Agricultural Economics Department

 

First Advisor

Bradley D. Lubben

Committee Members

Jay Parsons, Elliott Dennis, James C. MacDonald

Date of this Version

5-2025

Document Type

Thesis

Citation

A thesis presented to the faculty of the Graduate College at the University of Nebraska in partial fulfillment of requirements for the degree of Master of Science

Major: Agricultural Economics

Under the supervision of Professor Bradley D. Lubben

Lincoln, Nebraska, May 2025

Comments

Copyright 2025, Milan Chauhan. Used by permission

Abstract

Federally supported risk management programs for livestock producers have existed for the last twenty years. Among these, Livestock Risk Protection (LRP) is a federally subsidized insurance tool available for cattle producers to manage downside price risk. In recent years, participation in LRP has surged. This paper examines the key economic and policy variables that partially drive LRP utilization and analyzes the role of risk management educational efforts in the decision to participate and the intensity of the insurance utilization using unique state-level panel data from 2003 through 2023.

The study analyzes three complementary metrics of insurance utilization: market volume (policies earning premium), market coverage (product market share), and scale of use at the operator level (producer market share).
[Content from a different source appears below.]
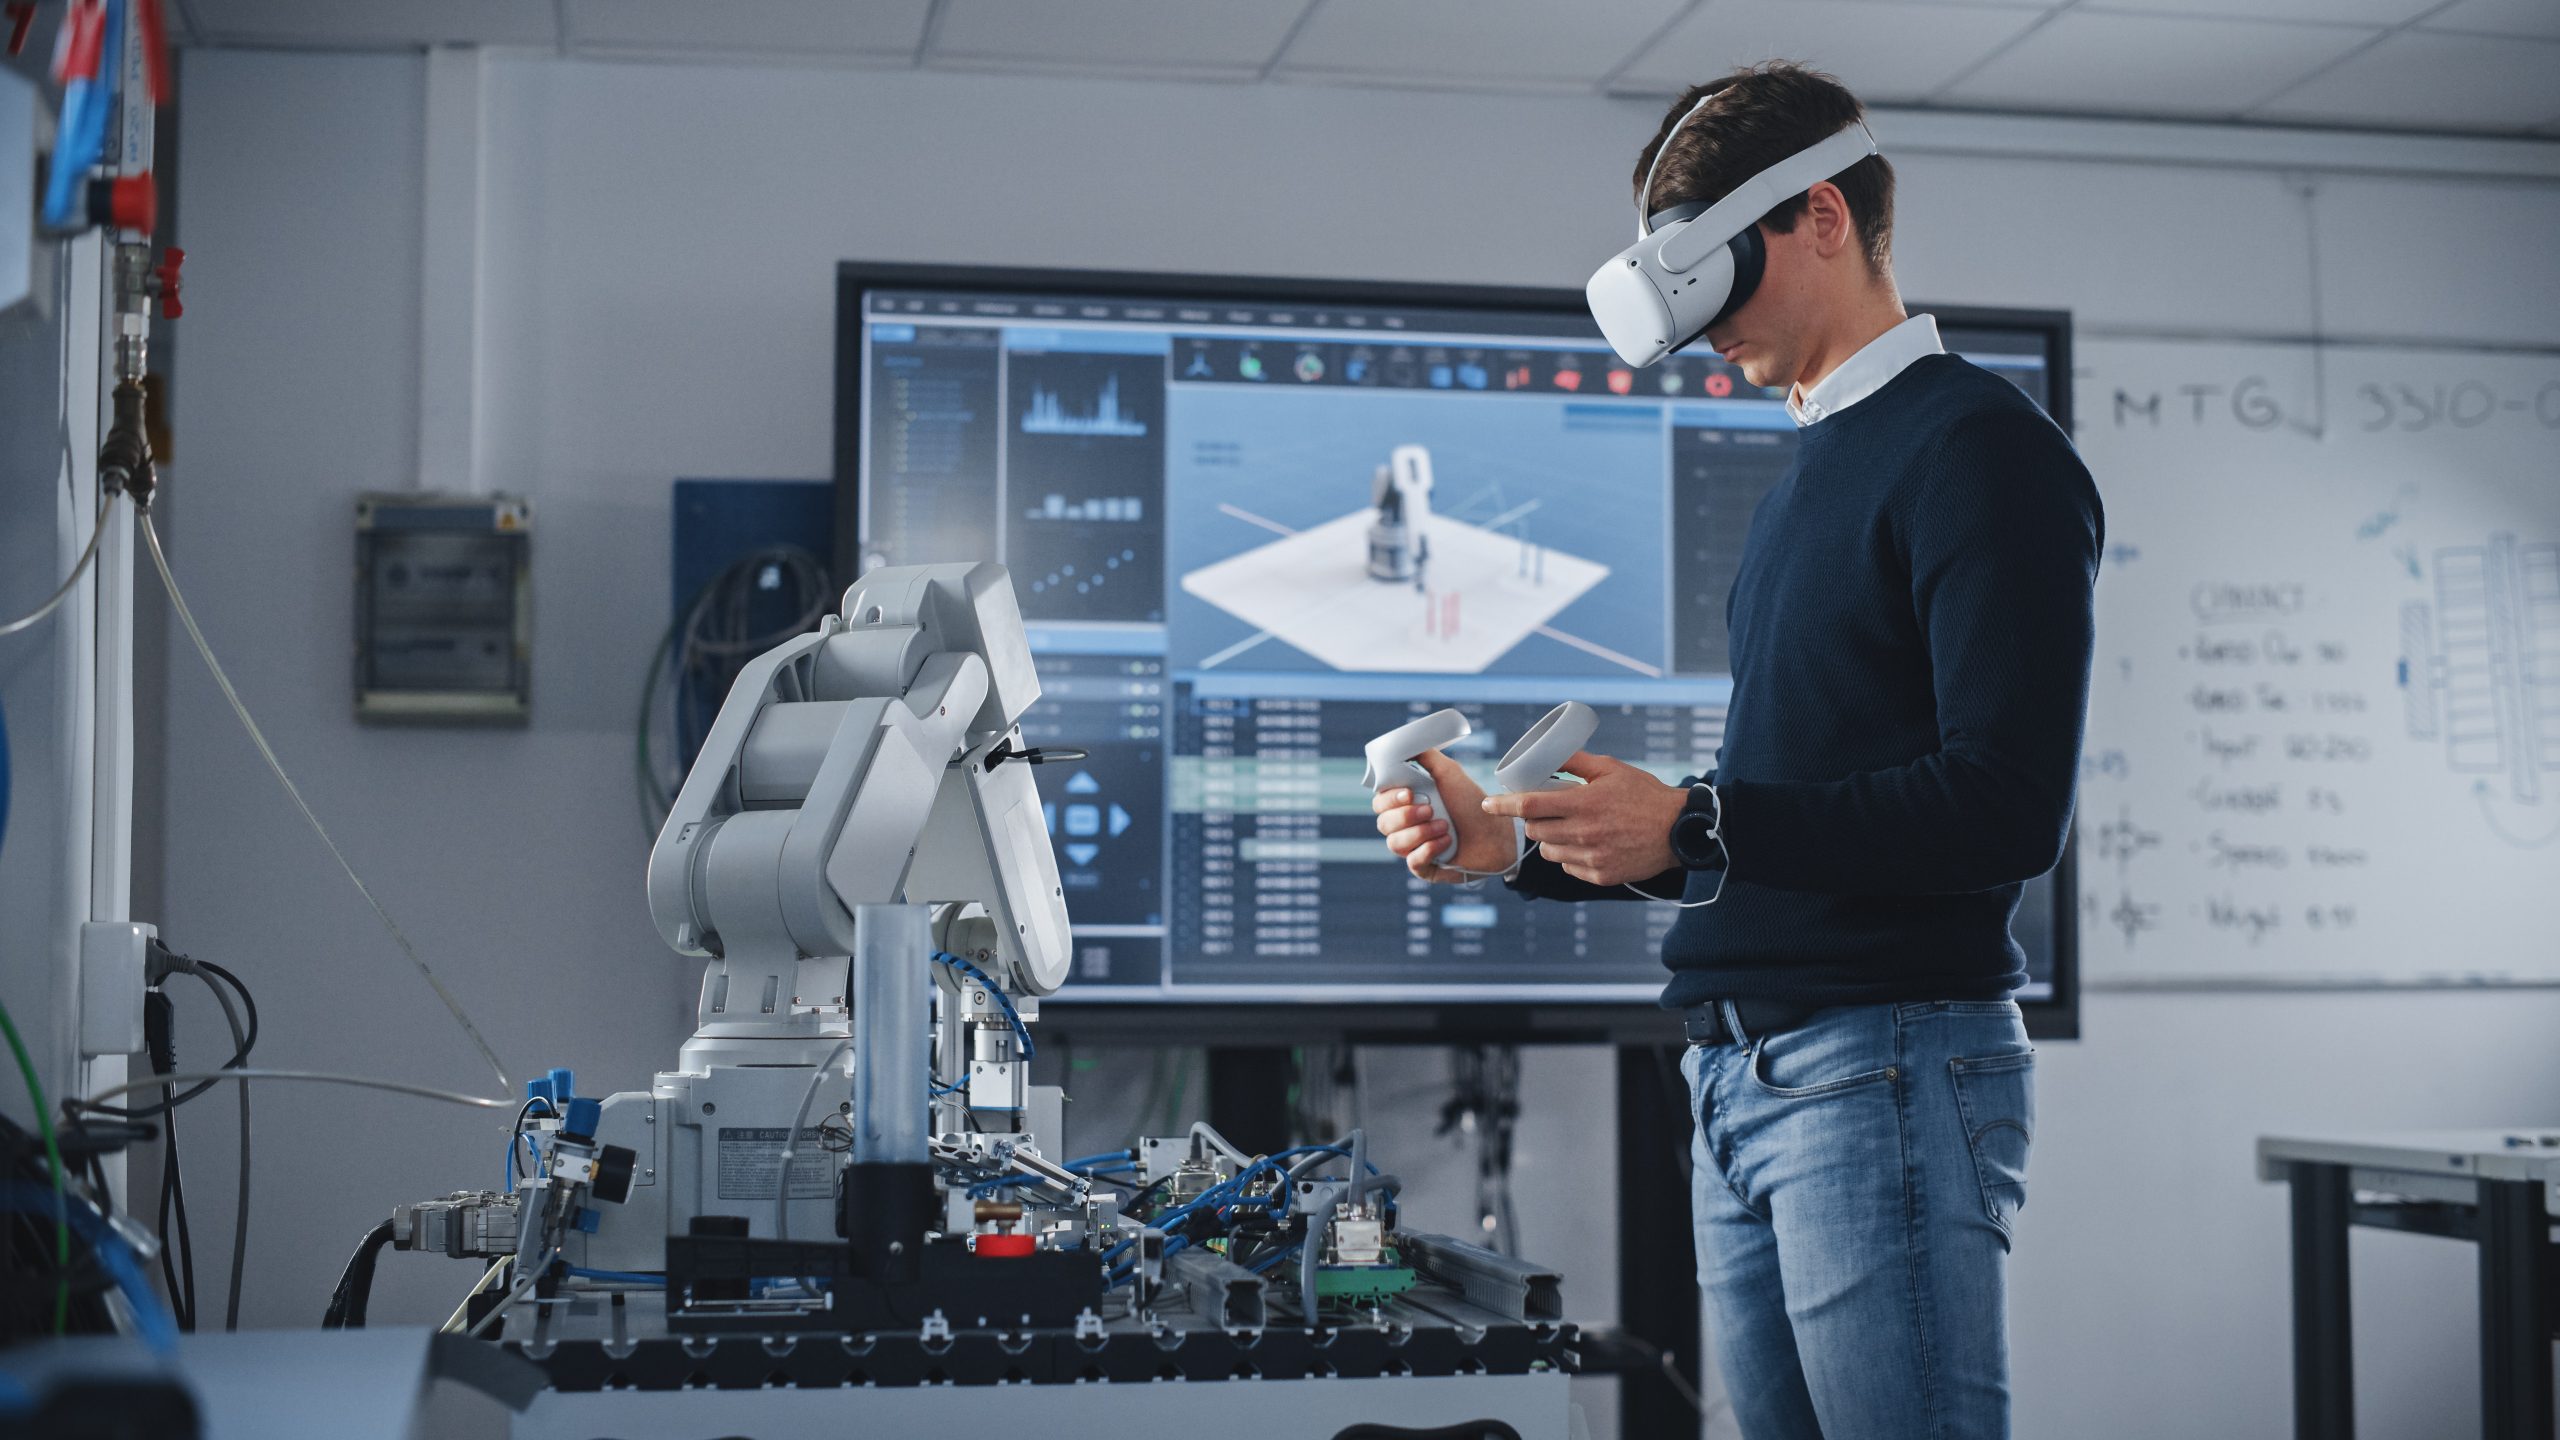 Dans la salle de classe d'une université de haute technologie, un homme portant un casque de RV et tenant des contrôleurs est concentré sur ses études en robotique.

Results show that feeder cattle price, herd size, and educational efforts significantly affect the insurance participation decision and that subsidy rate, feeder cattle price, and price volatility strongly determine the intensity of the market volume (p < 0.1). The findings also show that producers in states with smaller to medium-sized operations utilize LRP more intensively than with larger operations. Although statistically non-significant at p = 0.1, educational efforts suggest a positive effect on expanding LRP market volume and market shares. While the marginal effect of education on LRP market volume gets stronger at higher subsidy rates, its marginal effect on market share diminishes at higher subsidy levels. This potentially suggests a substitution effect between the producers’ knowledge of the product, enhanced by educational efforts, and the financial incentives provided by the higher subsidy rates.

The magnitude and the significance of these effects both vary across different utilization metrics. Further research could address important economic and policy implications of potential trade-offs between educational efforts and the subsidy rate on LRP utilization. This research could also be extended to county-level data to analyze localized educational efforts and impacts.